== Available data ==

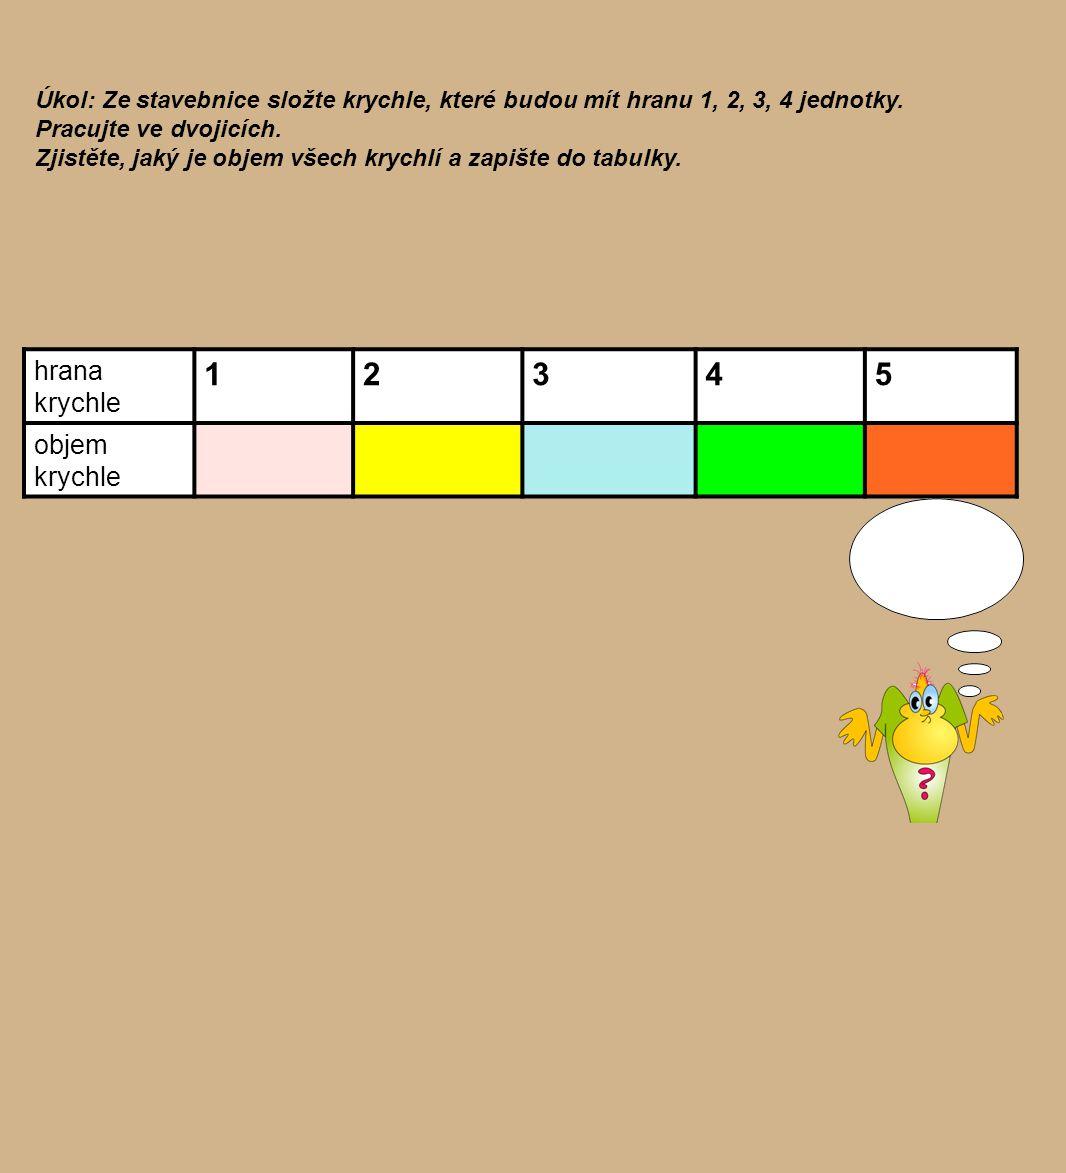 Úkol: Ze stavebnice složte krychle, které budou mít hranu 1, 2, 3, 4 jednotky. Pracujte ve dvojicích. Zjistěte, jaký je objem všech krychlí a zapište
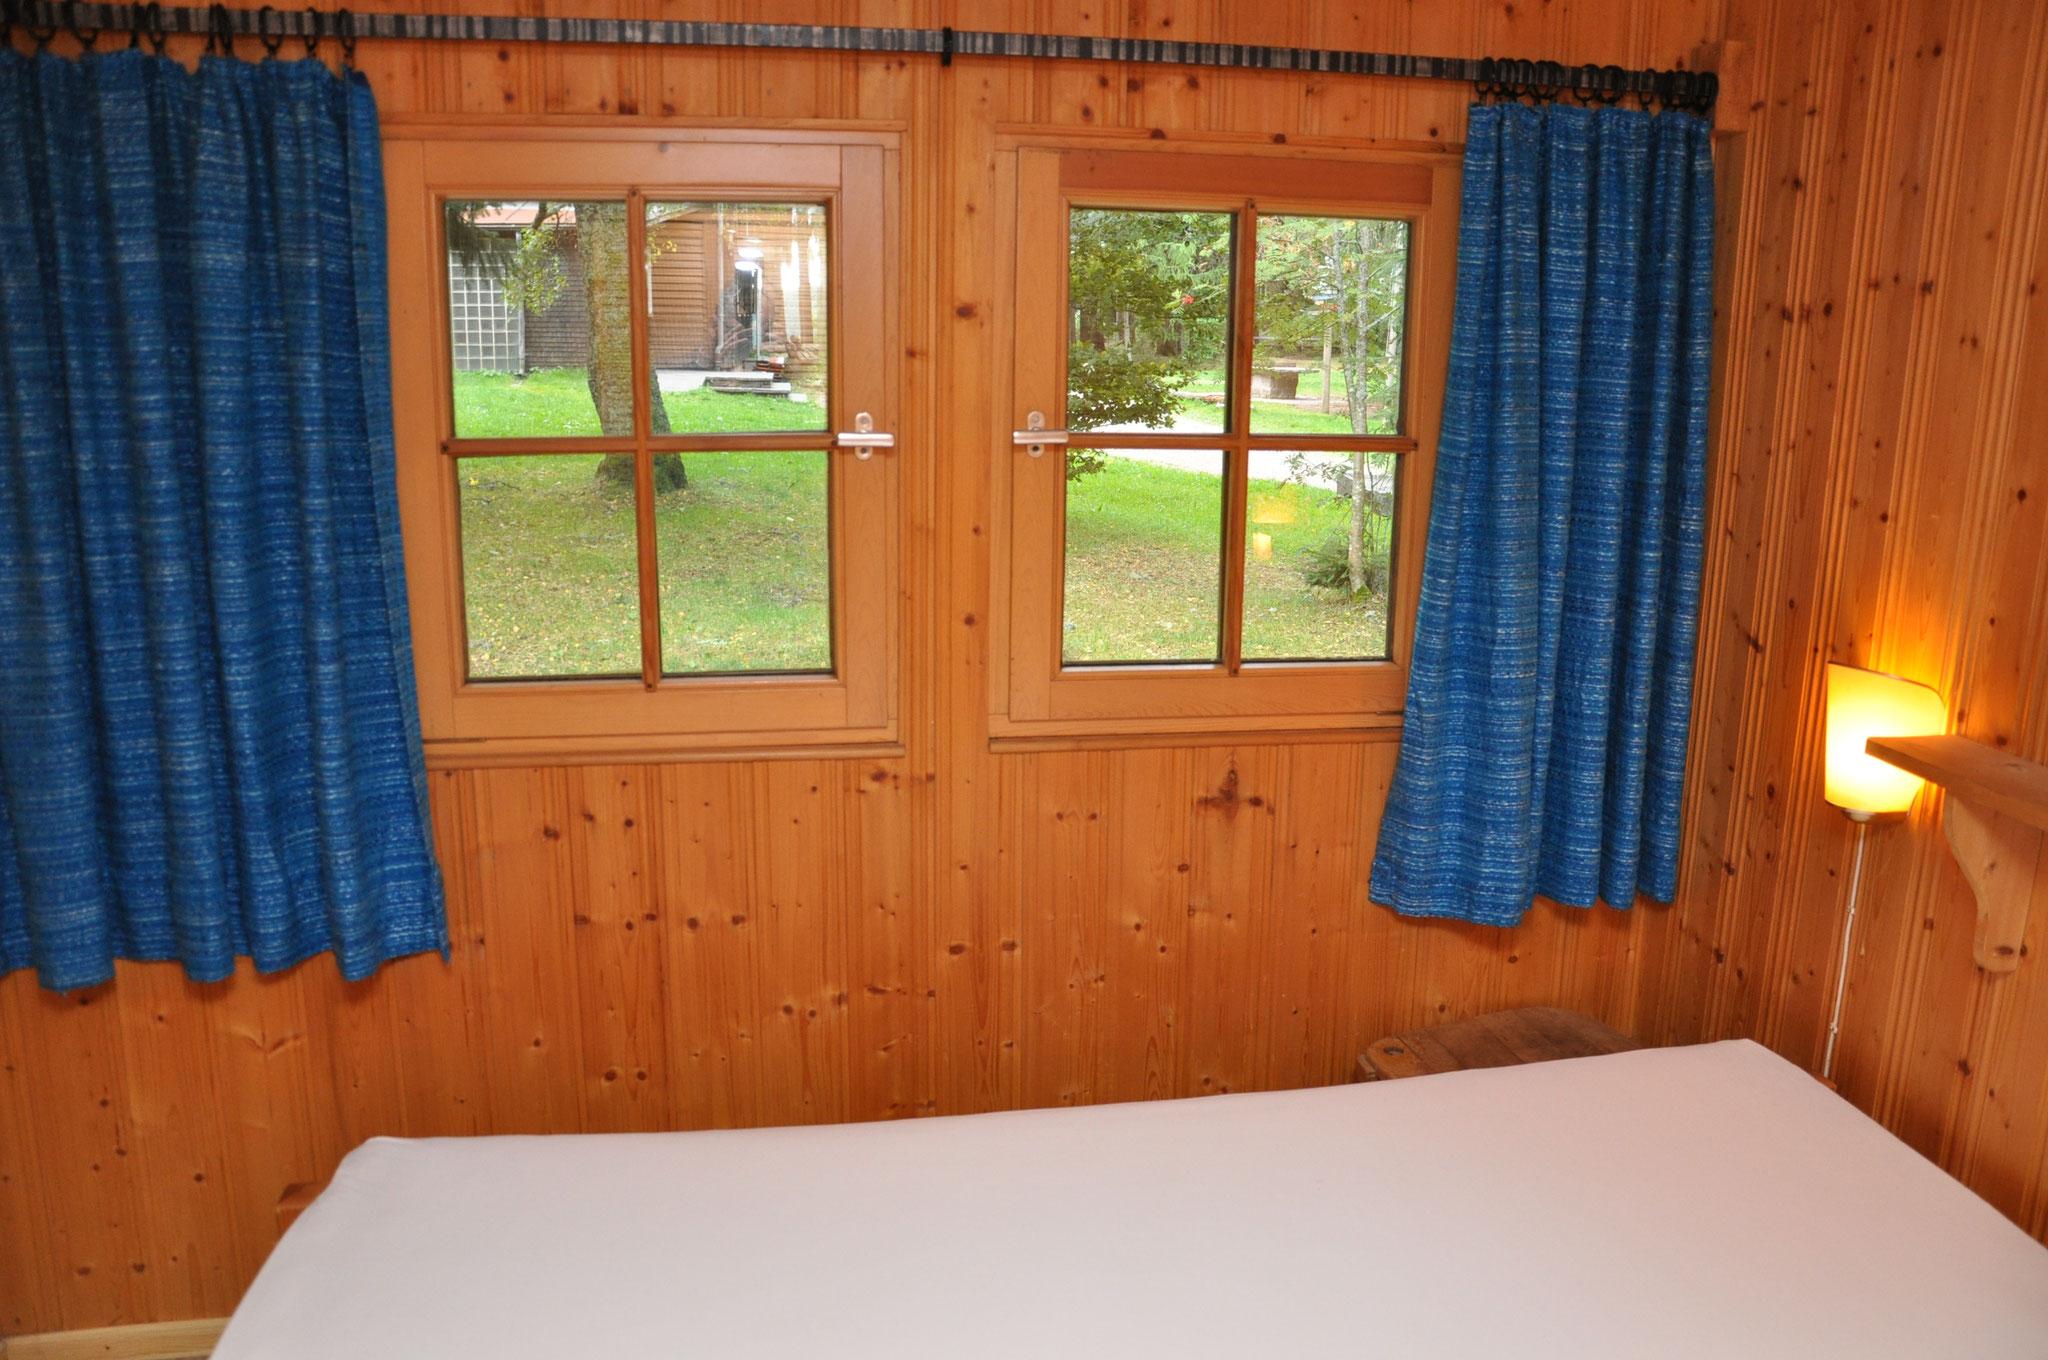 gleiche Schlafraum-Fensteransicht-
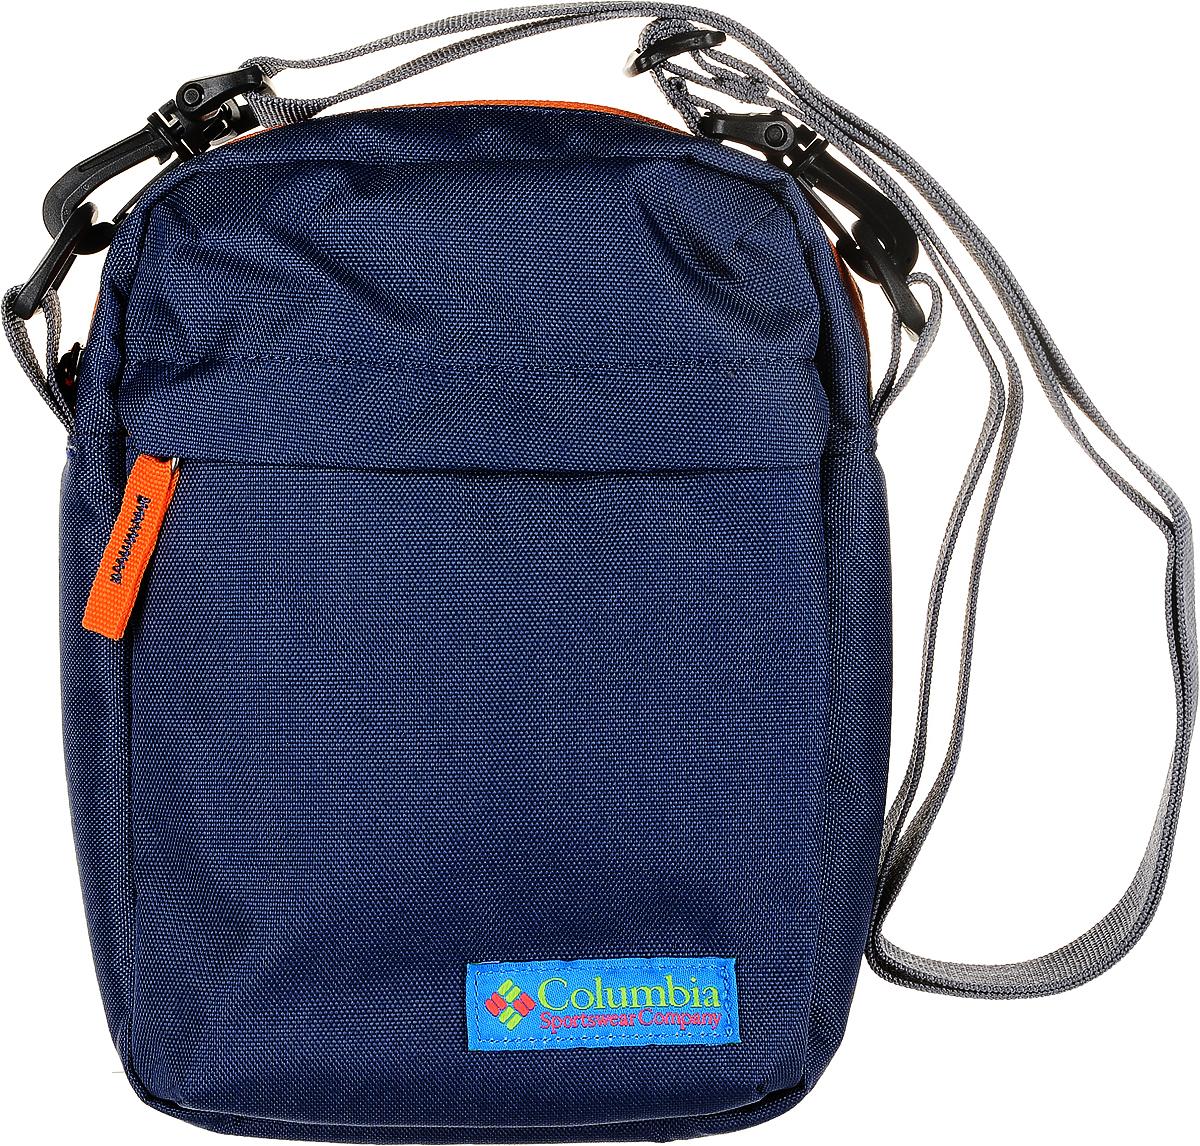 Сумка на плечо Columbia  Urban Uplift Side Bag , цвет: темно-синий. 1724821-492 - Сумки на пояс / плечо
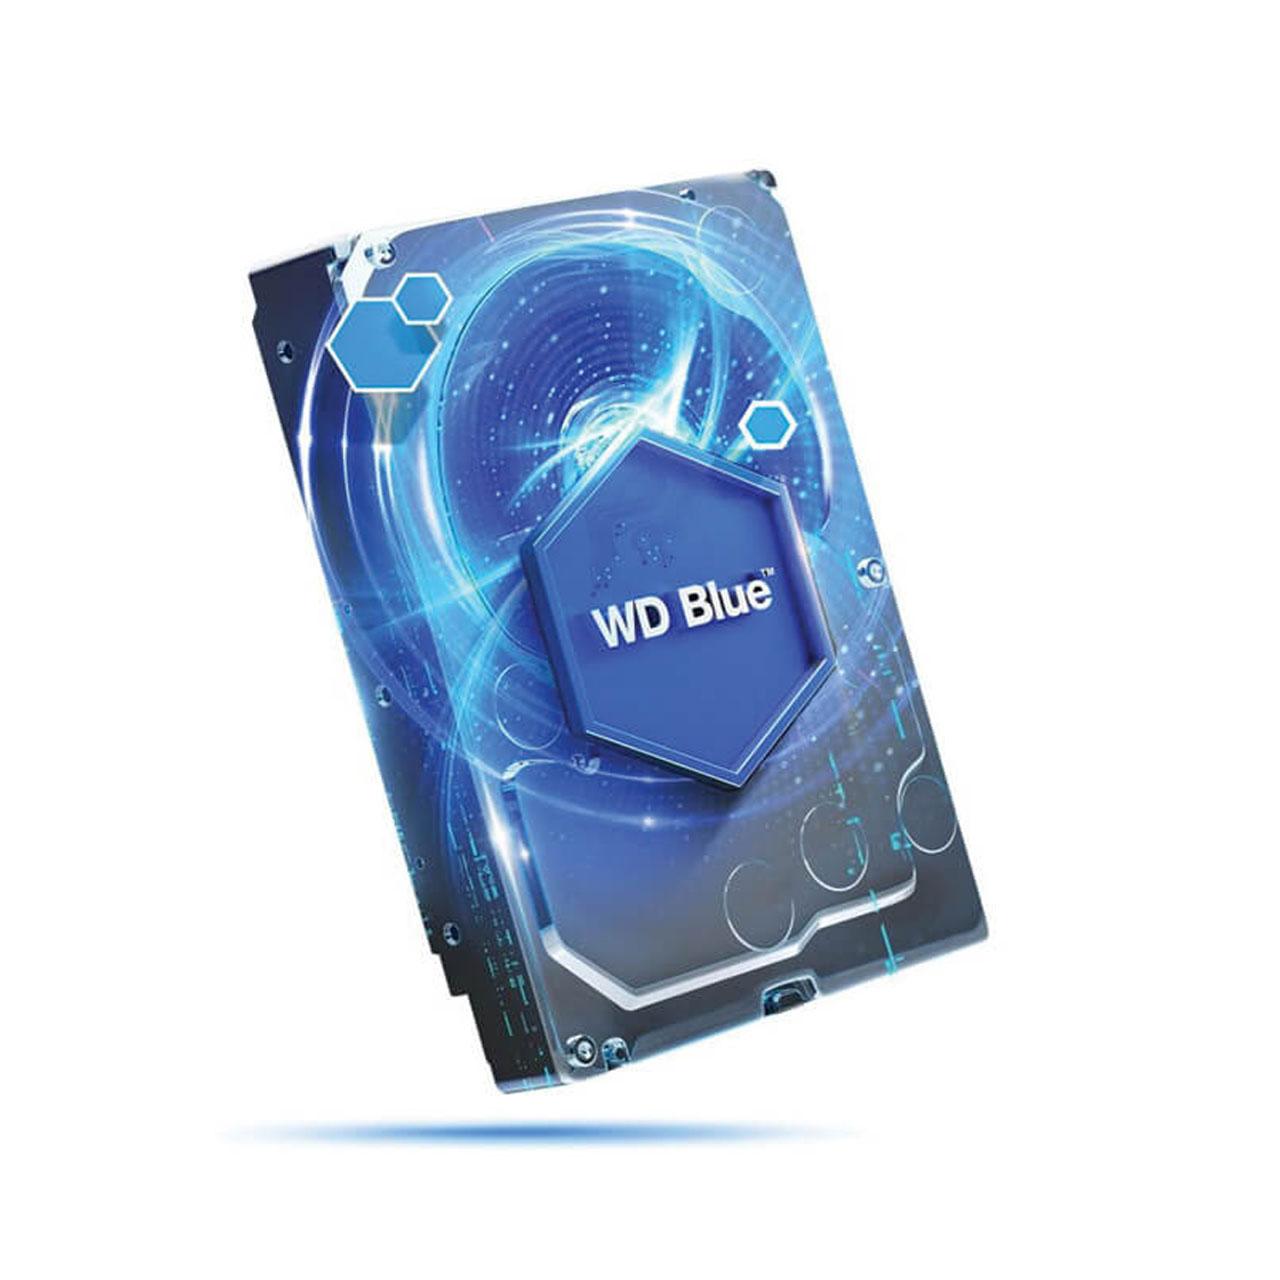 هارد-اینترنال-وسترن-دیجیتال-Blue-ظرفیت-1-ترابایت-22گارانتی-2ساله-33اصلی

===

None of the pictures belong in the copy. Write out exactly the lines from the line that holds "Сумка на плечо" through the last line of the listing above, both ends included.

Exercise result:
 Сумка на плечо Columbia  Urban Uplift Side Bag , цвет: темно-синий. 1724821-492 - Сумки на пояс / плечо
 هارد-اینترنال-وسترن-دیجیتال-Blue-ظرفیت-1-ترابایت-22گارانتی-2ساله-33اصلی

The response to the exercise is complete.